A simplified baked tofu-bite recipe served on a bed of leafy romaine, spritzed with raspberry vinaigrette, and garnished with fresh sliced strawberries.
Lay tofu slices onto several layers of paper towel; top with more paper towel. Place something heavy onto the tofu to squeeze excess water from the tofu; let sit until the tofu is drained, 20 to 30 minutes.
Preheat oven to 375 degrees F (190 degrees C). Prepare a baking sheet with cooking spray.
Stir teriyaki sauce, sesame seeds, garlic, hot sauce, and sugar together in a bowl. Cut pressed tofu into 1/2-inch cubes and add to teriyaki sauce mixture; stir gently to coat. Cover bowl with plastic wrap and marinate 5 to 10 minutes.
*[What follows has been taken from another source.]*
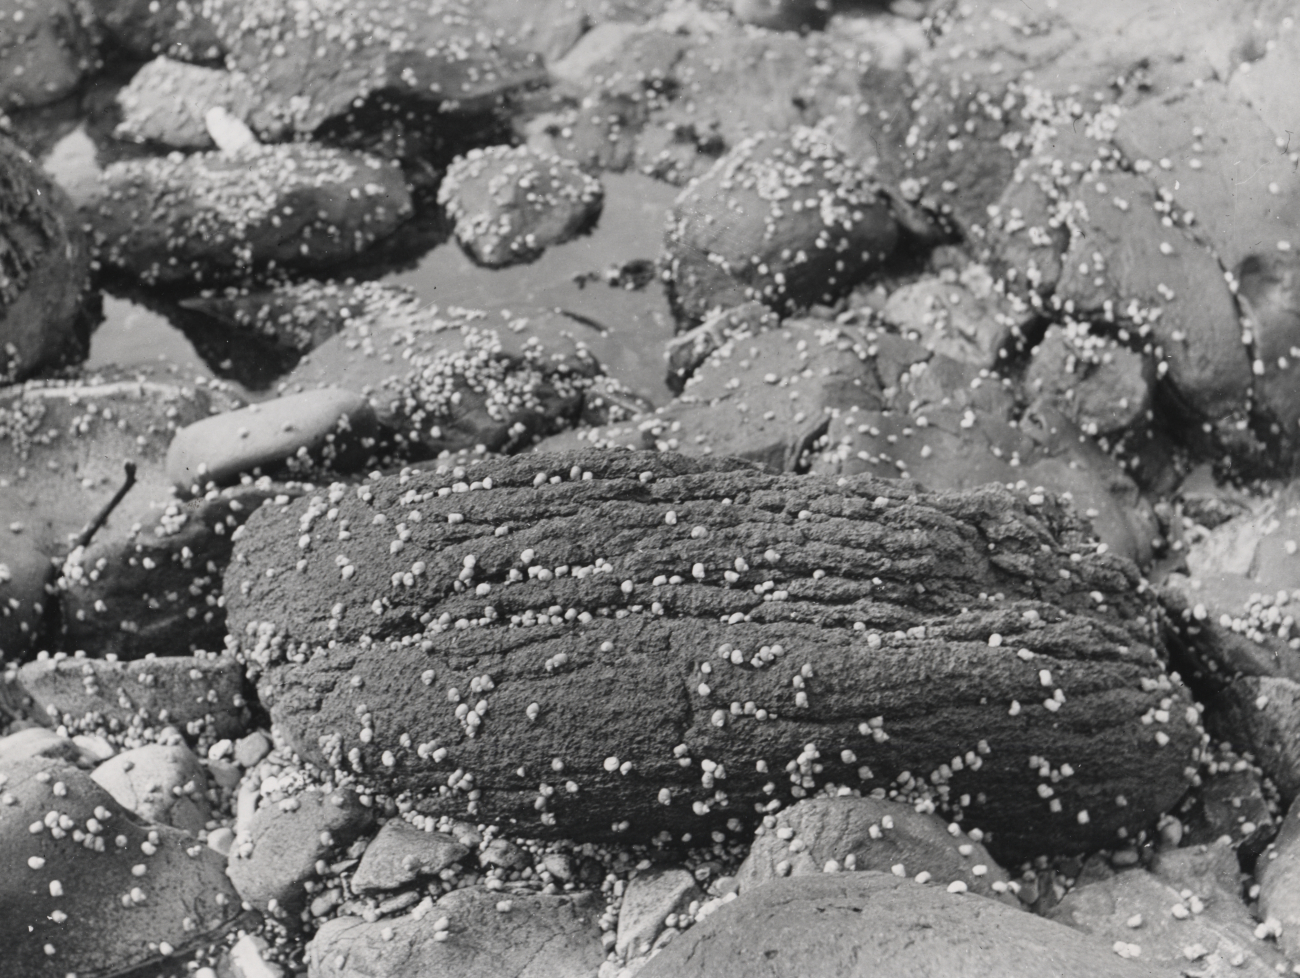 Snails on rocks - one form of otter food

Spread tofu onto prepared baking sheet and bake in preheated oven for 15 minutes, flip, and continue baking until golden brown, about 15 minutes more.
Prepare a bed of romaine lettuce on a salad platter. Arrange strawberry slices around the edge of the lettuce bed. Spritz or drizzle raspberry vinaigrette over the lettuce. Pile warm baked tofu onto the lettuce.
Per Serving: 173 calories; protein 12.8g; carbohydrates 17.7g; fat 6.9g; sodium 1636.2mg.